The Paperclips terminal demo is a small clean-room incremental game inspired by the paperclip maximizer thought experiment and by Frank Lantz’s browser implementation of that premise. In the focused manifest it now runs as a Paperclips server plus terminal client launched through the native shell. The server is authoritative for generated content, resources, GameState, proof-command gating, unlock checks, and game-rule mutation. The terminal client owns StdIO, handles the transcript, renders help from server-provided command specs, plain status from server-provided PaperclipsStatusSnapshot data, and plain projects from server-provided project entries when connected to a server, and sends gameplay requests to the server through an explicit PaperclipsGame endpoint capability.
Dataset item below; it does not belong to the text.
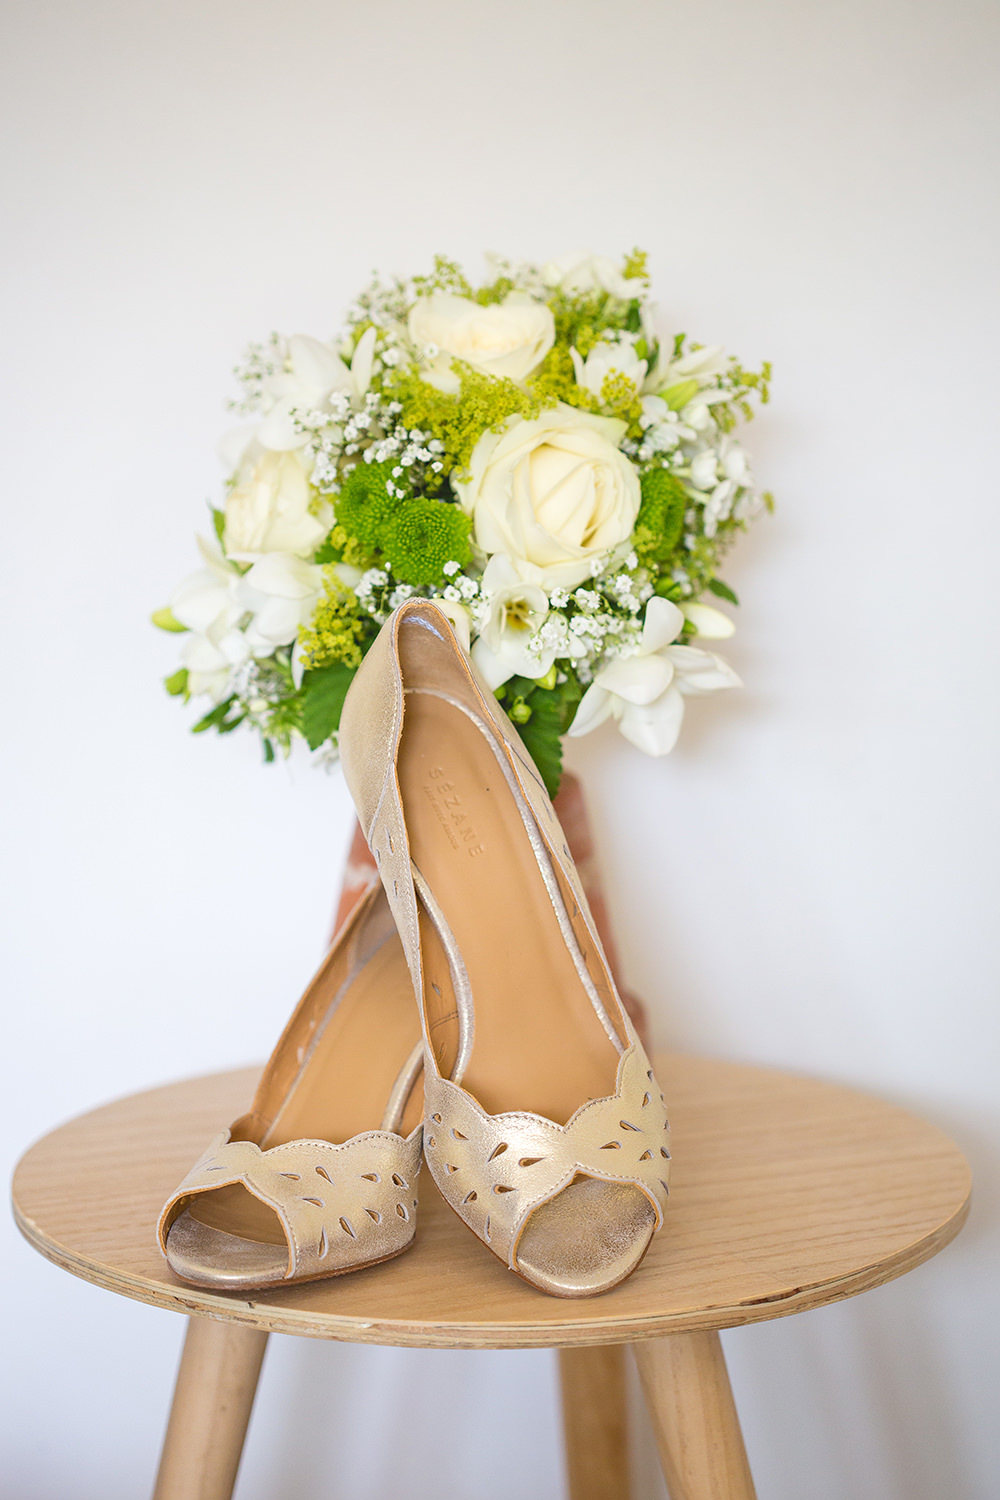 Chaussures et bouquet
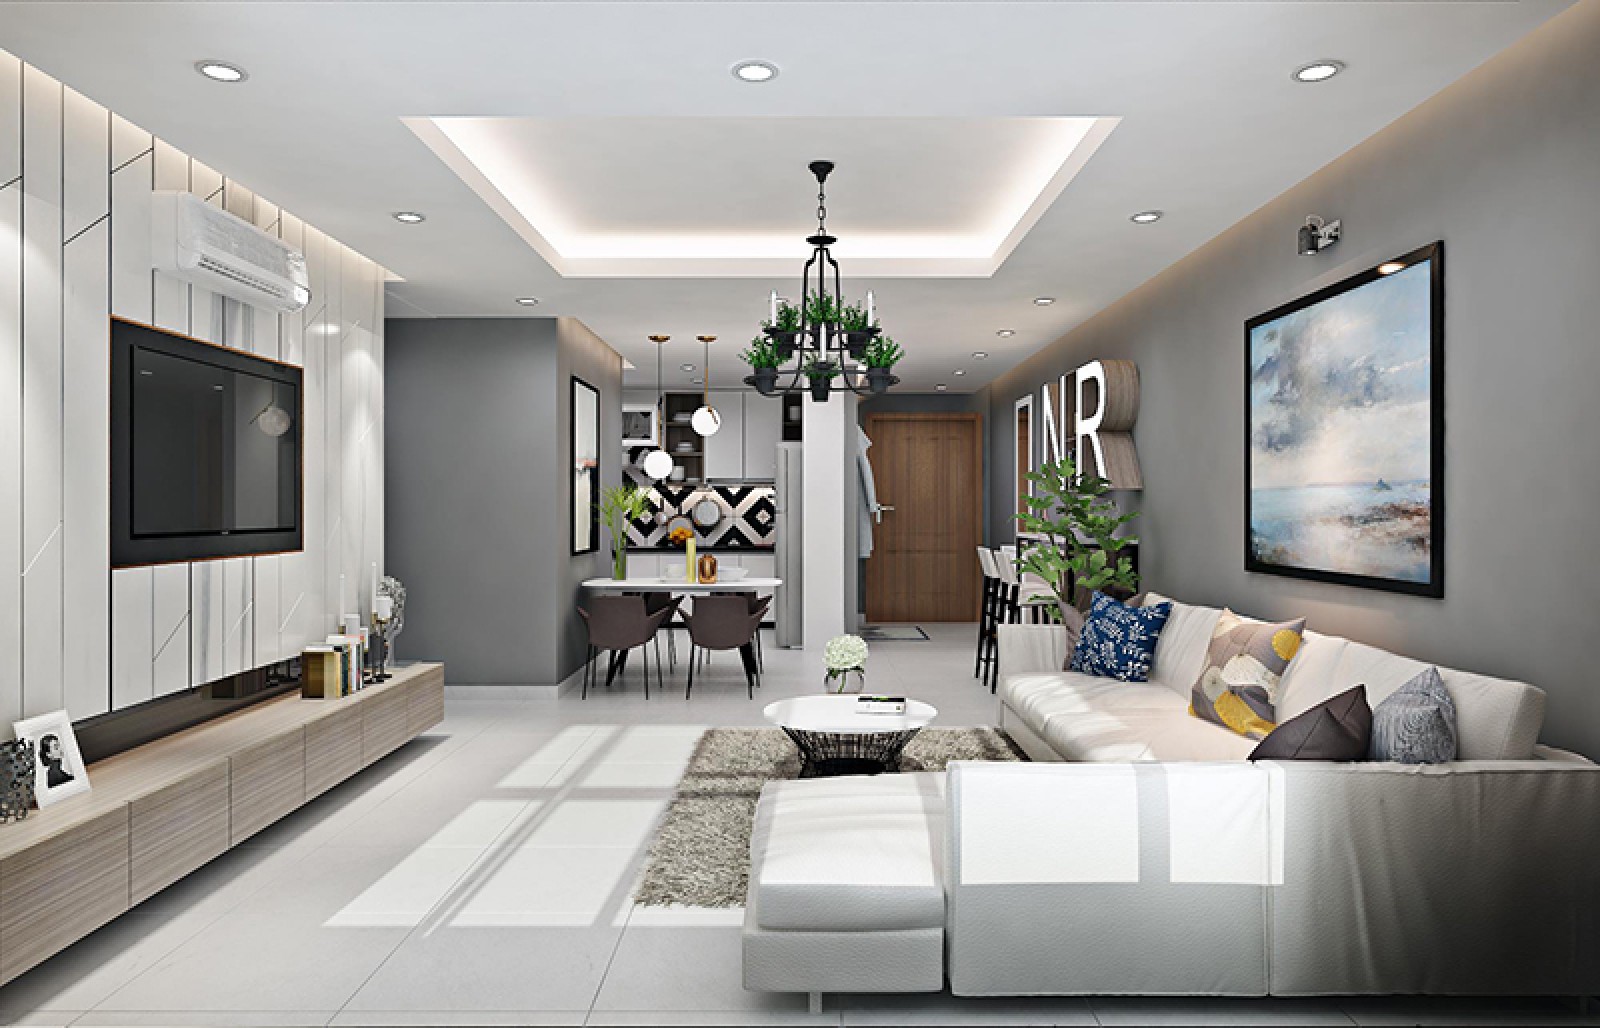 Cho thuê căn hộ Urban Hill, 109 m2, 3 PN 2 WC, full nội thất mới, giá 37.5 triệu/1 tháng

This is still an early client/server protocol. The server owns regular timer cadence and the current command list, while command execution still uses raw text and mostly returns transcript text rather than typed command invocations or structured UI events. In server mode, PaperclipsGame.status returns a PaperclipsStatusSnapshot for plain status, and the terminal client renders the familiar status text locally. PaperclipsGame.projects likewise returns the unlocked project list for local terminal rendering of plain projects, while project <id> still executes through the raw text/server-mutating command path. The backlog tracks broader structured state/events and moving unlocked command facets behind server-issued capabilities so a future web client or web-shell gateway can use the same game authority instead of reimplementing Paperclips logic.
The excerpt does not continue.